"""
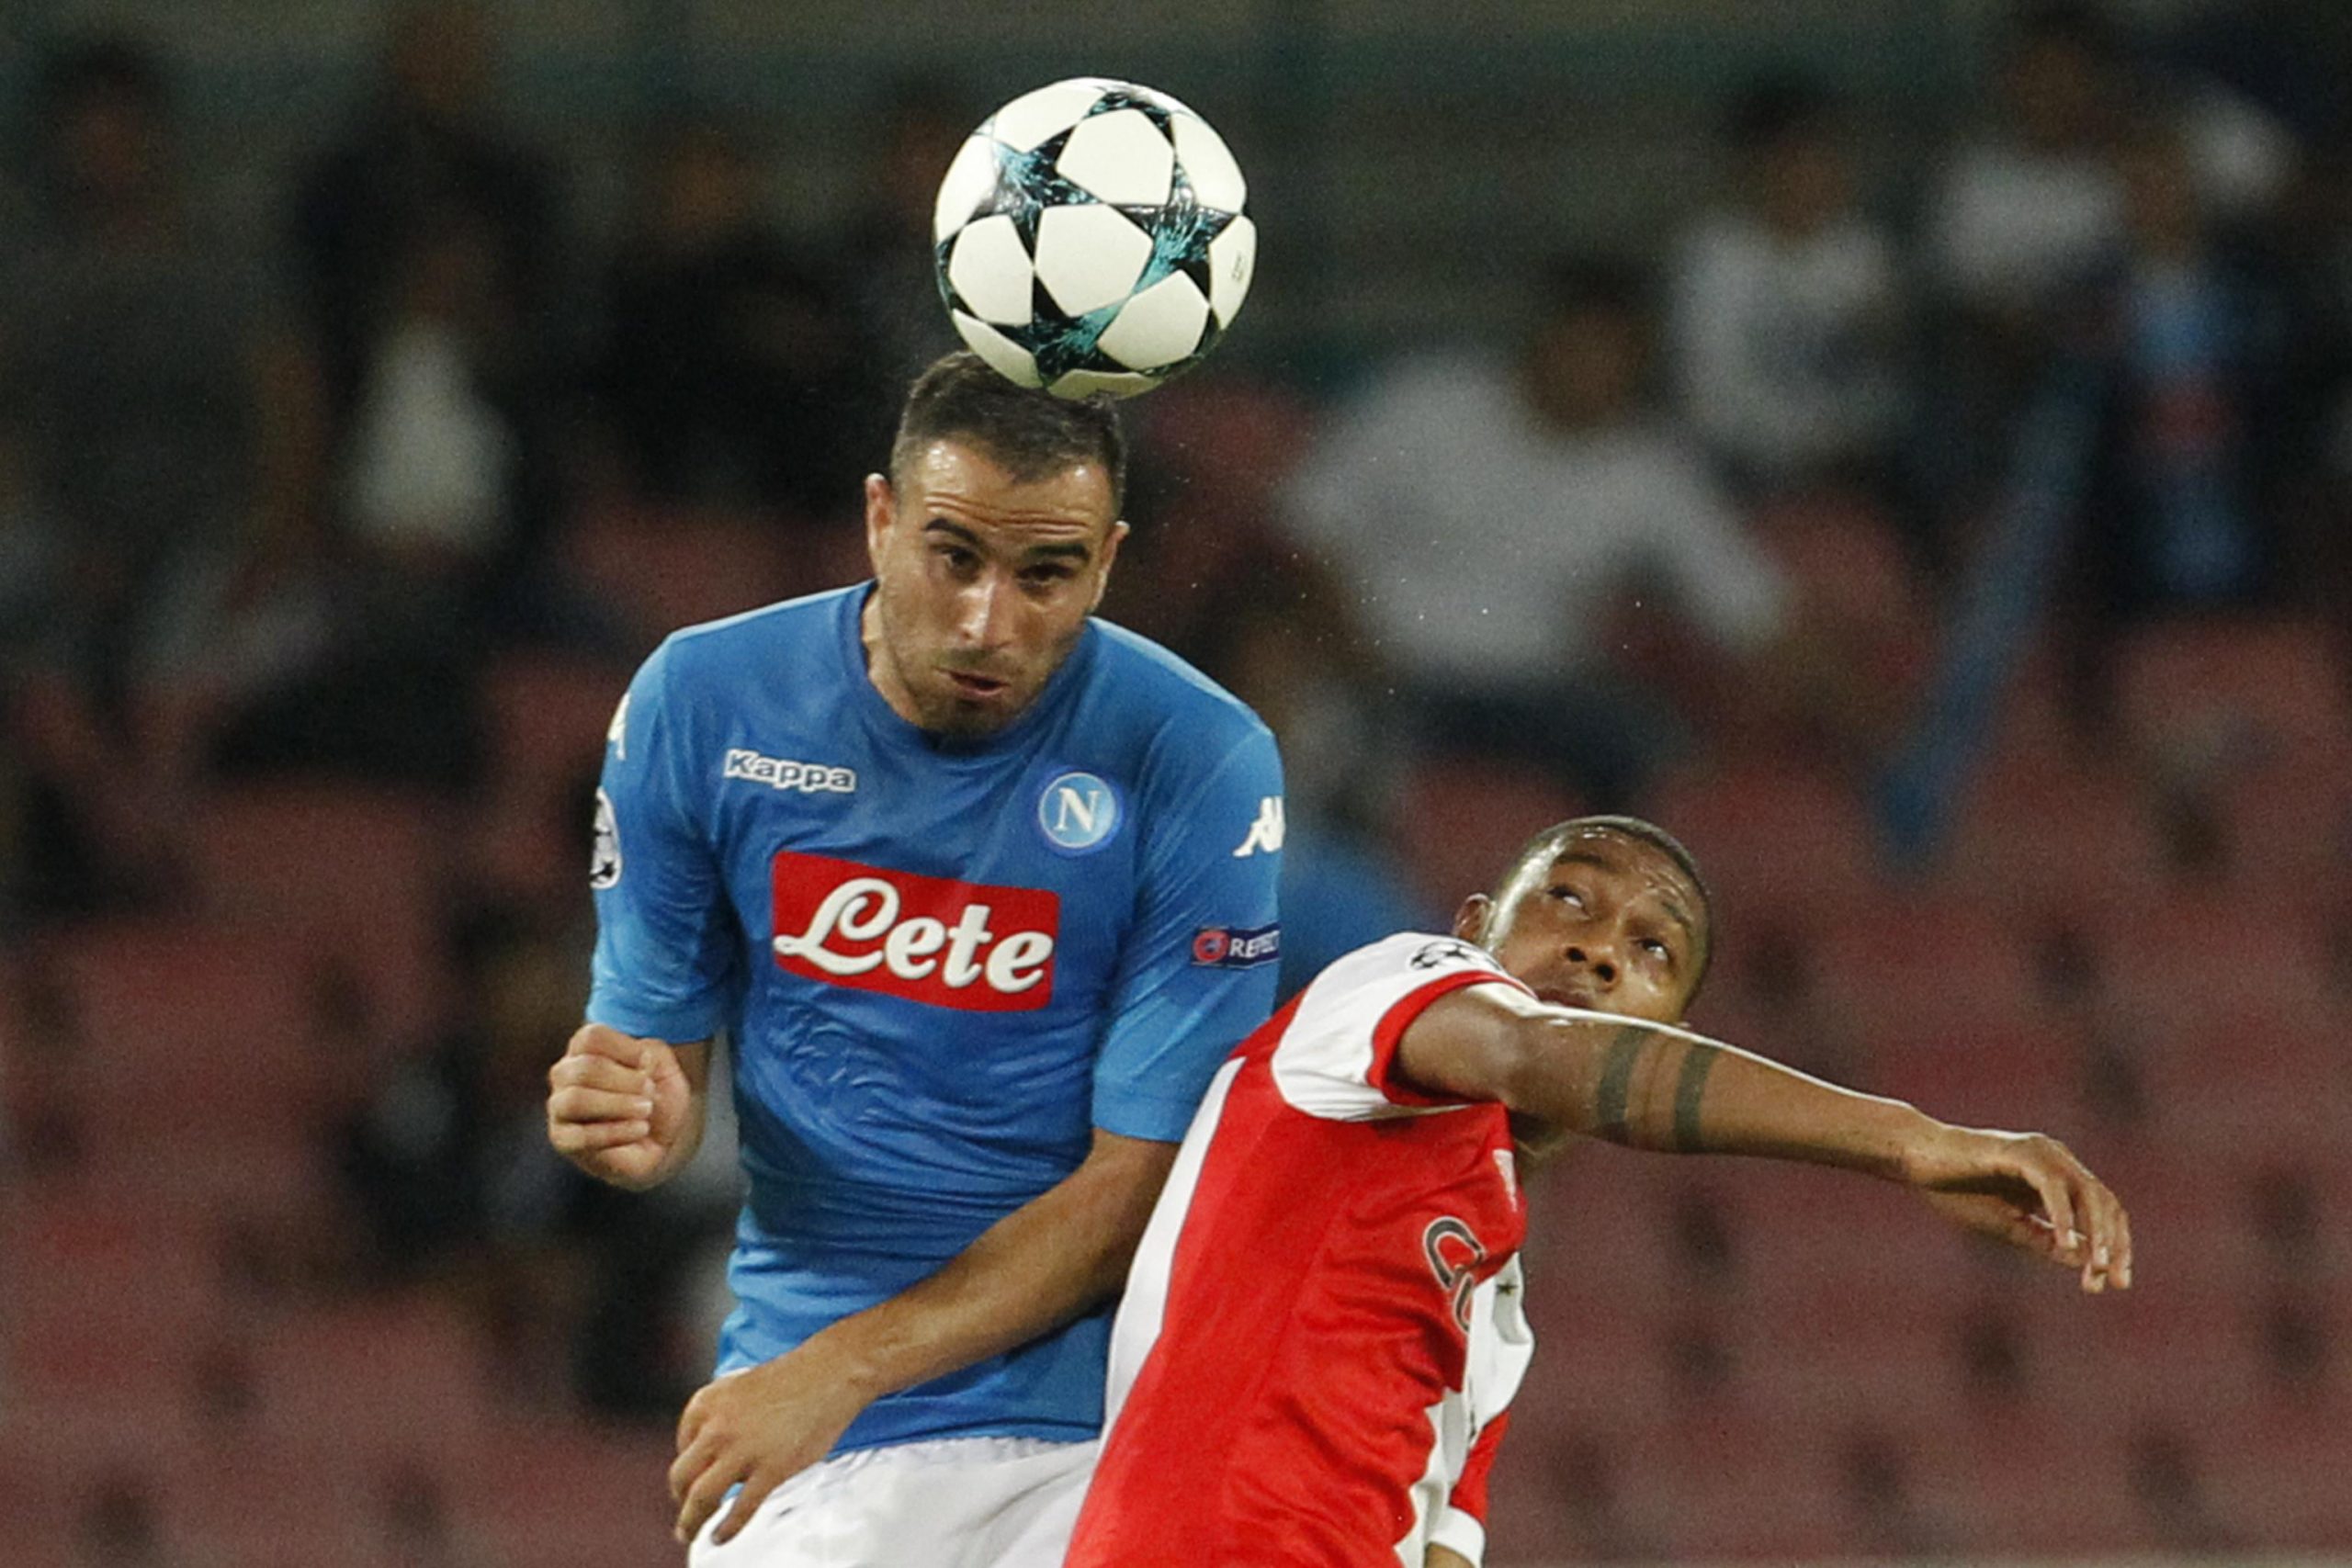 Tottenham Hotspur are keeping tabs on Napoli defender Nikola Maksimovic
"""
"""
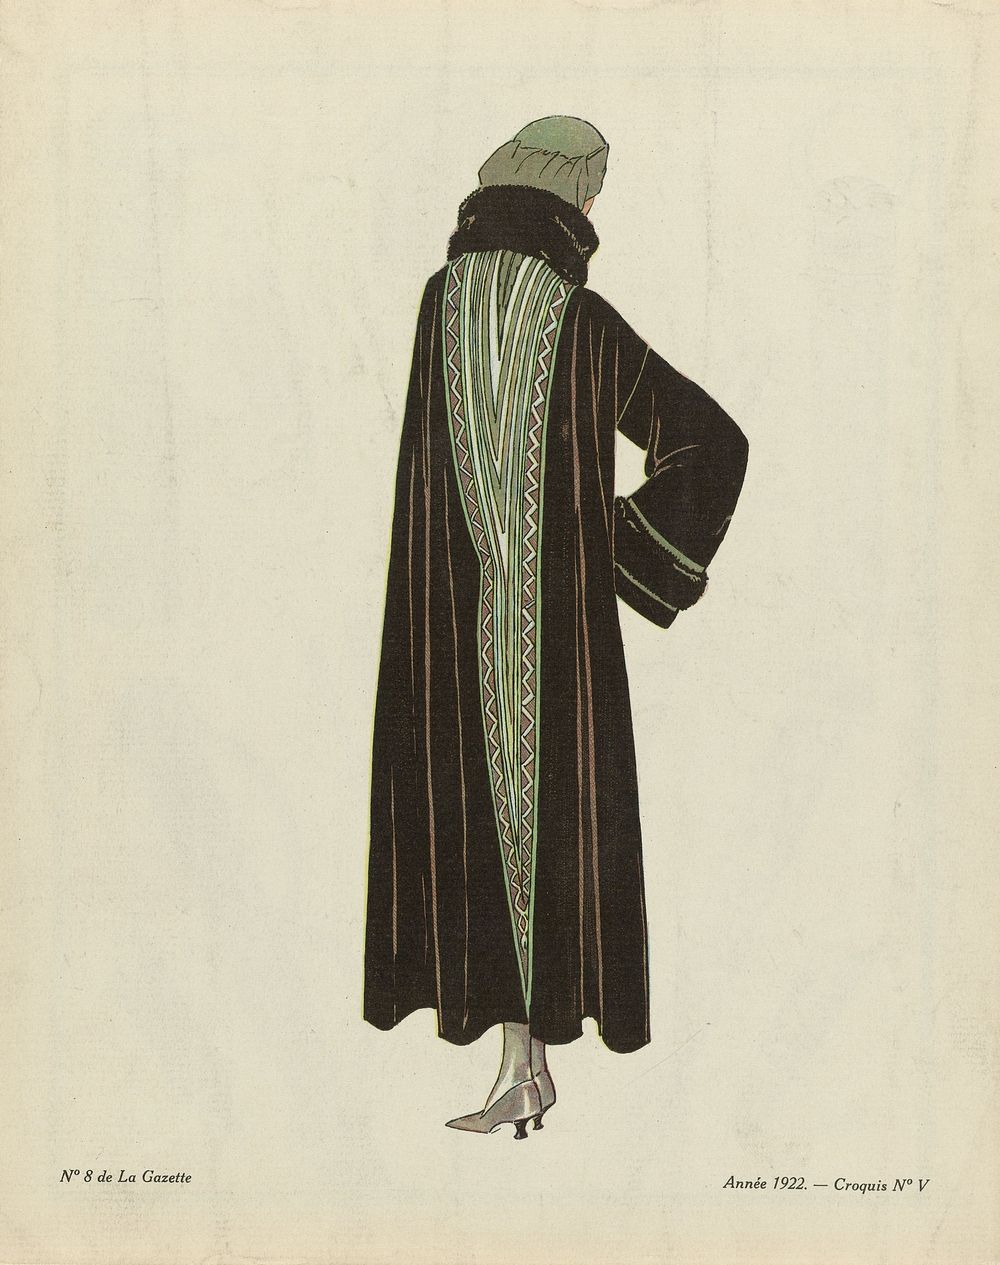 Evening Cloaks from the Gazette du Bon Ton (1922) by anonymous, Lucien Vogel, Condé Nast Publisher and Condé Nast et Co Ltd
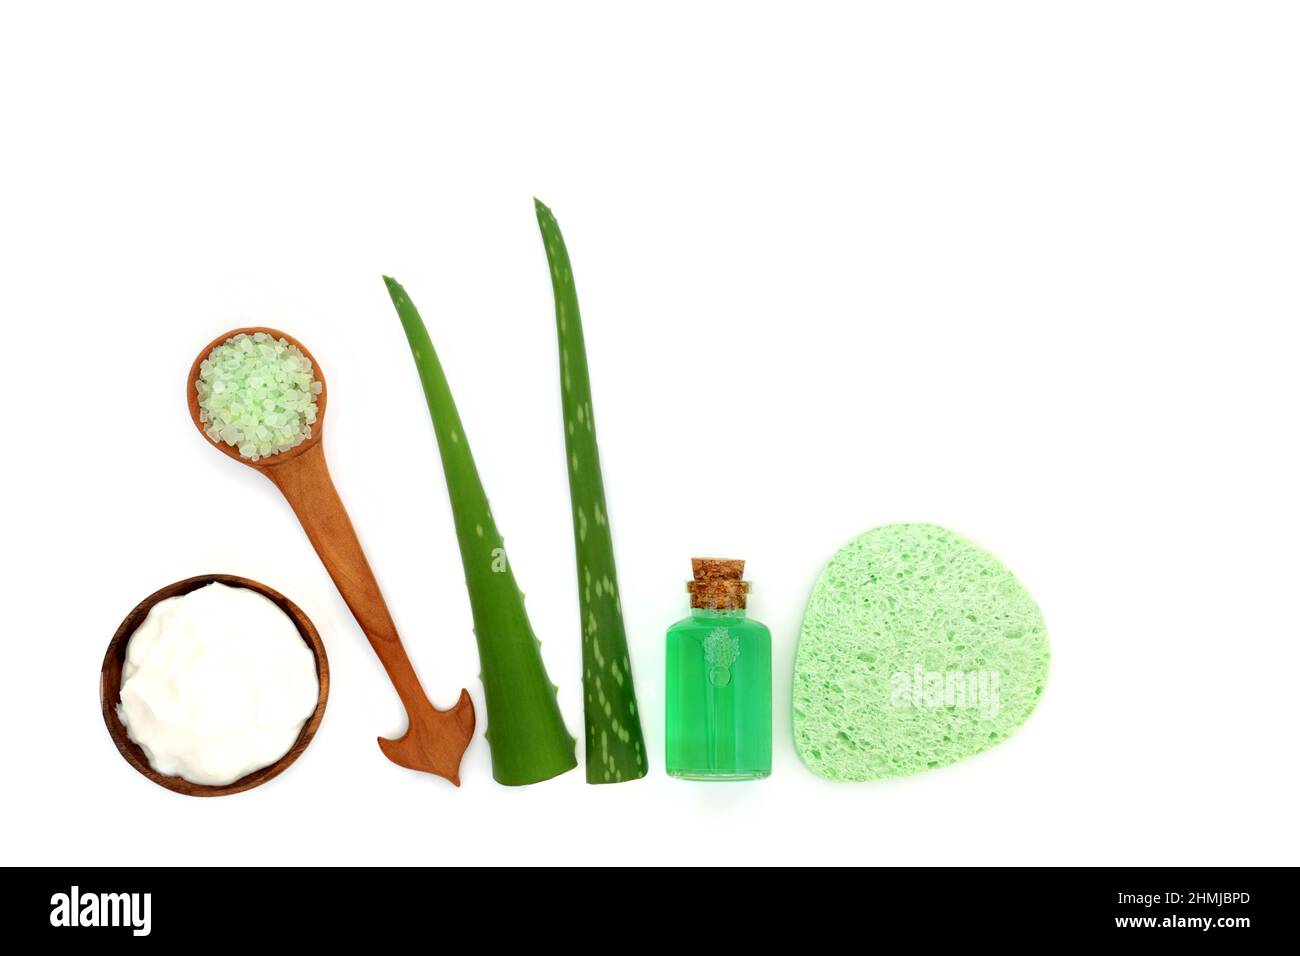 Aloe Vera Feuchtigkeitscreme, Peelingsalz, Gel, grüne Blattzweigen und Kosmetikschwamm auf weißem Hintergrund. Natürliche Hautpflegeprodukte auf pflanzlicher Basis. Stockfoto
"""
Copy the lines above exactly, starting at the one with "Evening Cloaks from" and ending at the one with "Aloe Vera Feuchtigkeitscreme, Peelingsalz, Gel, grüne", both included. Leave out any pictures and add nothing else.

== Exercise output ==
 Evening Cloaks from the Gazette du Bon Ton (1922) by anonymous, Lucien Vogel, Condé Nast Publisher and Condé Nast et Co Ltd
 Aloe Vera Feuchtigkeitscreme, Peelingsalz, Gel, grüne Blattzweigen und Kosmetikschwamm auf weißem Hintergrund. Natürliche Hautpflegeprodukte auf pflanzlicher Basis. Stockfoto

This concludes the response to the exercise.